L'ambassadeur de Russie, Vitali Tchourkine, a estimé que deux philosophies s'étaient affrontées lors des discussions au Conseil de sécurité, dont celle de la "confrontation" voulue selon lui par les pays occidentaux. "La menace de sanctions était inacceptable", a-t-il dit après le vote.
Il s'agit du premier veto russo-chinois depuis celui qui avait bloqué des sanctions de l'ONU contre le président du Zimbabwe Robert Mugabe en juillet 2008.
Plus tô t dans la journée, la Russie avait jugé "inacceptable" la dernière version du projet de résolution, malgré le retrait d'une référence directe à des sanctions.
Dans ce projet de résolution, le Royaume-Uni, la France, l'Allemagne et le Portugal ont préféré parler de "mesures ciblées" plutô t que de "sanctions", afin de rallier les autres membres du Conseil de sécurité.
Moscou, allié de Damas qui bloque depuis des semaines tout projet de sanctions, avait proposé son propre projet de résolution mettant l'accent sur la nécessité du dialogue politique en Syrie et mettant la pression aussi bien sur l'opposition que sur le régime du président syrien.

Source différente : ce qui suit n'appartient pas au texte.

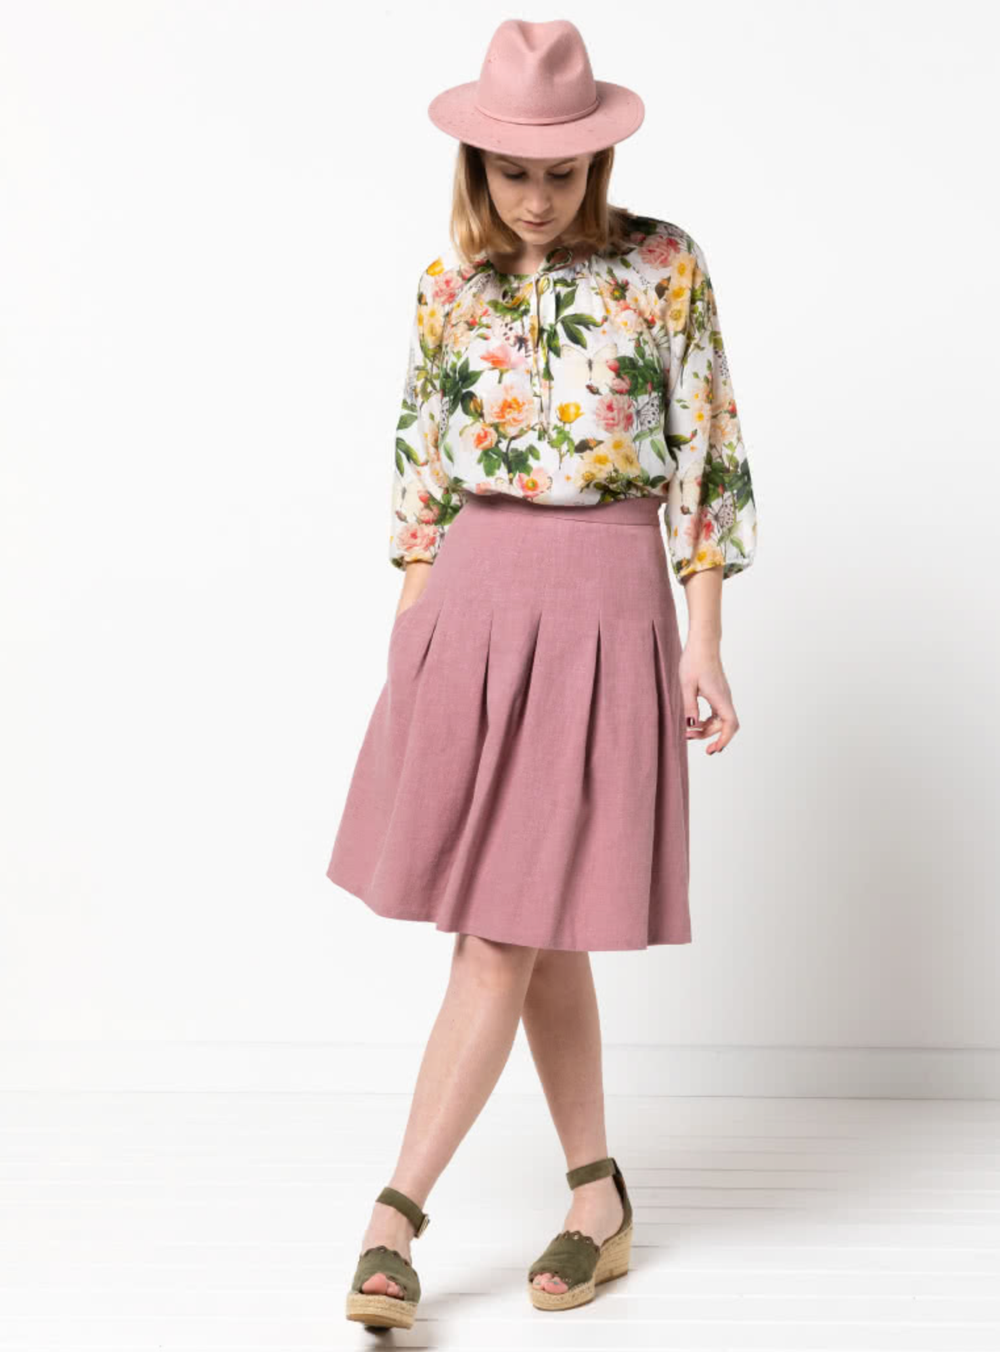 Women wearing the Candice Skirt sewing pattern from Style Arc on The Fold Line. A skirt pattern made in scuba, ponte, linen or cotton fabrics, featuring inverted pleats, side zip, knee length and side pocket.
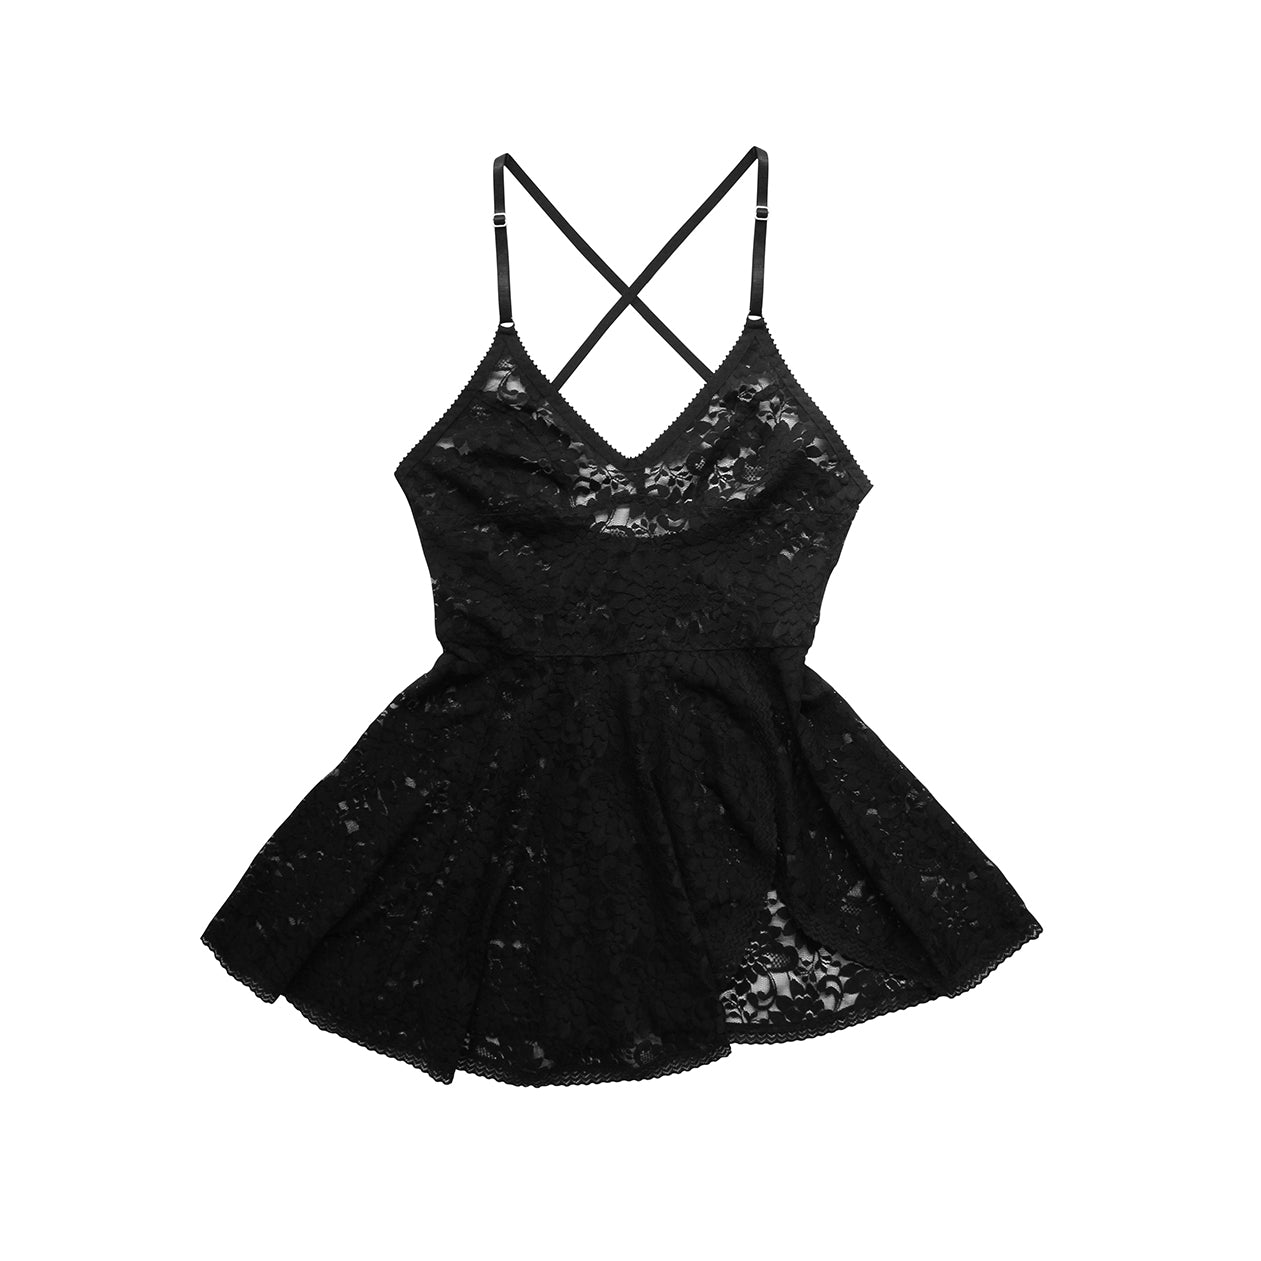 Black Lace Nightie | Plus Size Lingerie Made in Australia by Hopeless ...

Les Etats-Unis, par la voix de la porte-parole de la diplomatie américaine, Victoria Nuland, avaient quant à eux espéré "un vote fort, solide" pour "adresser au régime Assad le message que la violence doit cesser".
S'adressant à la presse à La Haye, le ministre allemand des Affaires étrangères, Guido Westerwelle, avait appelé les quinze membres du Conseil de sécurité à trouver une réponse "unifiée", sous peine d'affaiblir l'autorité de l'ONU.
Selon le ministre français des Affaires étrangères, Alain Juppé, la Russie s'était montrée favorable lundi à la résolution proposée, avant de changer de position.
Le Canada a lui renforcé mardi ses sanctions contre Damas en visant en particulier le secteur pétrolier, sans toutefois freiner les activités du géant énergétique canadien Suncor dans ce pays.
Parallèlement, le Premier ministre turc Recep Tayyip Erdogan, qui entretenait jadis des liens d'amitié avec le président Assad, a annoncé mardi que son pays prendrait rapidement des sanctions contre le régime syrien, selon l'agence de presse Anatolie.
Entre-temps, la répression, qui a fait selon l'ONU plus de 2.700 morts depuis la mi-mars, s'est poursuivie: onze nouvelles victimes ont été recensées mardi, dont six à Homs (centre) et deux dans le nord-ouest du pays, a rapporté l'Observatoire syrien des droits de l'Homme (OSDH).